Almanya’da beni en çok etkileyen röportajlarımdan biri, DGB (Alman Sendikalar Birliği)’den bir sendikacıyla olmuştu. Bir Alman televizyonu için “Berlin’de amele pazarı” başlıklı, kaçak işçiliği konu alan bir haber yapıyordum. Birleşmeden hemen sonra adeta dev bir inşaat alanına dönüşen başkentte en çok kaçak işçi bu sektörde bulunuyordu ve bazı Türk kahveleri, eski Türk filmlerinden izlediğimiz, kamyonlarla gelip günübirlik çalışacak işçi aranan amele pazarlarına dönüşmüştü. Habere başlamadan önce bu alanda en çok kaçak işçinin Türkiyeli olduğunu düşünürken, kendisine mikrofon uzattığım sendikacı beni yanılttı. Yaptıkları denetimleri anlatırken daha çok İrlandalı işçilere rastladıklarını ve onların büyük bir kısmınınsa saat ücreti olarak o zamanın parasıyla sadece 80 Pfennig kazandıklarını söylediğinde kulaklarıma inanamadım. Bir Mark bile değil, yani şimdinin parasıyla yarım Euro dahi yapmıyor. Düzen öyle kurulmuştu ki, AB üyesi olmayan ülkelerden gelen işçilerin sosyal haklarından Almanya sorumlu tutulmuyordu. Ayrıca her taşeron firmanın bir başka taşeronu olduğundan yasa dışı işçi çalıştırmayı en alttaki taşeron firma göze alıyor, dolayısıyla en üstteki ve en çok karı elde eden Alman şirketinin elleri kirlenmiyordu.
***********
Aynı şaşkınlığı önceki gün okuduğum bir gazete haberiyle yaşadım. İsveç ormanlarında meyve toplayan Bulgarlar karın tokluğuna çalışıyormuş. Yeme içme ve barınma ihtiyaçlarını karşılayıp iyi para kazanacakları sözünü veren İsveçli işverenler, sözlerinde durmayınca yüzlerce Bulgar mevsim işçisi dönüş bileti alacak para bulamadığı için İsveç’te adeta esir kalmış. Bir kısmı Stockholm’deki Bulgar büyükelçiliğimin önünde konan otobüste yaşıyormuş. Bu otobüste bile onlar için hayat daha kolay olsa gerek. Çünkü gazetelerin yazdığına göre, İsveçli işveren aralarında çocuklarında bulunduğu 500 den fazla Bulgar’a ev yerine ormanda, içme suyundan kilometrelerce uzak, sadece gölde yıkanabilecekleri bir çadır kamp sunmuş. Ödemeler söz verildiği gibi saat ücreti değil toplanan meyve miktarı başına yapılınca işçilerin eline, bu yıl verim daha az olduğu için, karınlarını doyuracak kadar bile para geçmemiş. Çok sayıda işçinin civar köylerdeki çöp tenekelerinden yiyecek aradığı söyleniyor.
***********
Aslında İsveç sendikaları en az Alman sendikaları kadar güçlü ve etkili.
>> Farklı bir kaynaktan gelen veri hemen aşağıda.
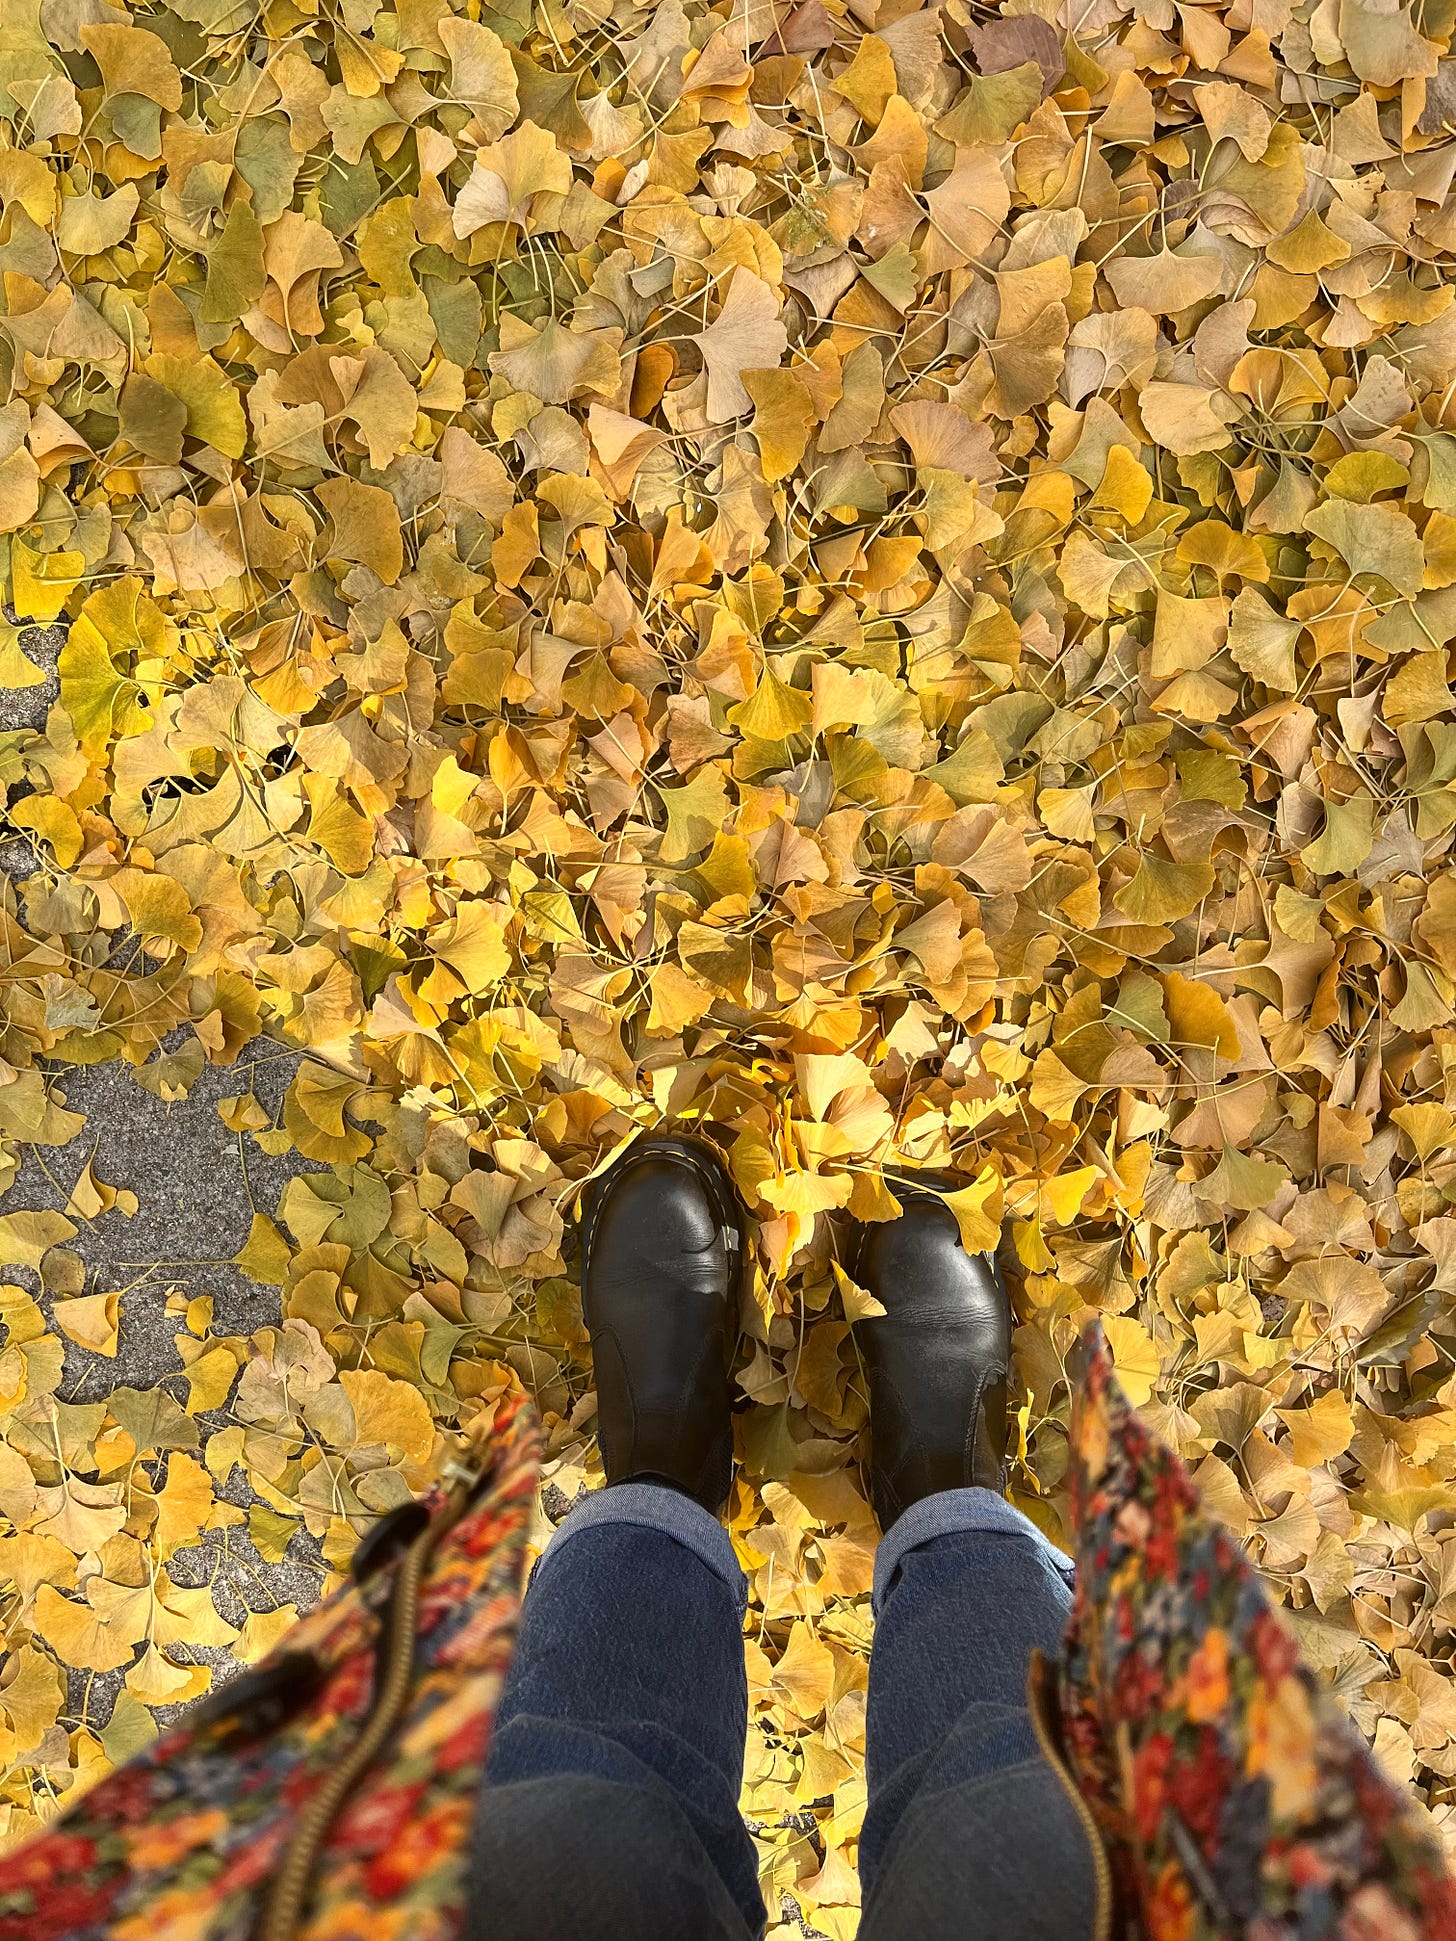 Looking down at my Docs in a pile of yellow gingko leaves

Buna rağmen bu denli bir sömürü düzeni kurulmuş olması, doksanlı yılların Almanya’sında olduğu kadar şaşırtıcı. Aslında İsveç sendikaları, önceki yıllarda özellikle meyve toplayıcılarla ilgili olarak işverenle sıkı bir pazarlığa girmiş ve asgari ücret uygulamasına göçmen işçilerin de dahil edilmesini sağlamıştı. Ancak bu göçmen işçi kavramı, eskiden çalışmaya gelen Çin, Tayland ya da Vietnamlılar için geçerli. AB’ne üye ülkelerden gelen işçiler bu kategoriye sokulmamış. Dolayısıyla yasalardaki bu boşluktan yararlanan işverenler, kendilerini Bulgaristan’dan gelen işçilere en az 1500 Euro’ya tekabül eden asgari ücret ödemekle yükümlü görmemiş. Durumun vahametini yaşayarak öğrenen Bulgar işçiler, ilk iş olarak İsveç makamlarından yardım aramışlar ama kendilerine Bulgaristan büyükelçiliği adres olarak gönderilmiş. Bulgaristan büyükelçiliği de vatandaşlarına herhangi bir geri ödeme garantisi olmadan dönüş bileti sağlayamıyormuş. Büyükelçiliğin şu ana kadar yaptığı tek şey yatacakları bir otobüs sağlamak ve günde iki kez su ve ekmek dağıtmak.
**********
İsveç’teki Bulgar işçilerin durumu sadece İsveç değil, Avrupa Birliği için de utanç verici. Yıllar önce konuştuğum sendikacı bana, “Milliyeti ne olursa olsun, emek emek, sömürü sömürüdür. Önemli olan bununla uluslar arası alanda mücadele vermektir” demişti. Hepimiz eksik mücadelenin sonuçlarını görüyoruz. Finans dünyasının kazancıyla meşgul olan AB sosyal bir proje olmaktan çoktan uzaklaştı. Ve sendikalar da eski sendikalar değil…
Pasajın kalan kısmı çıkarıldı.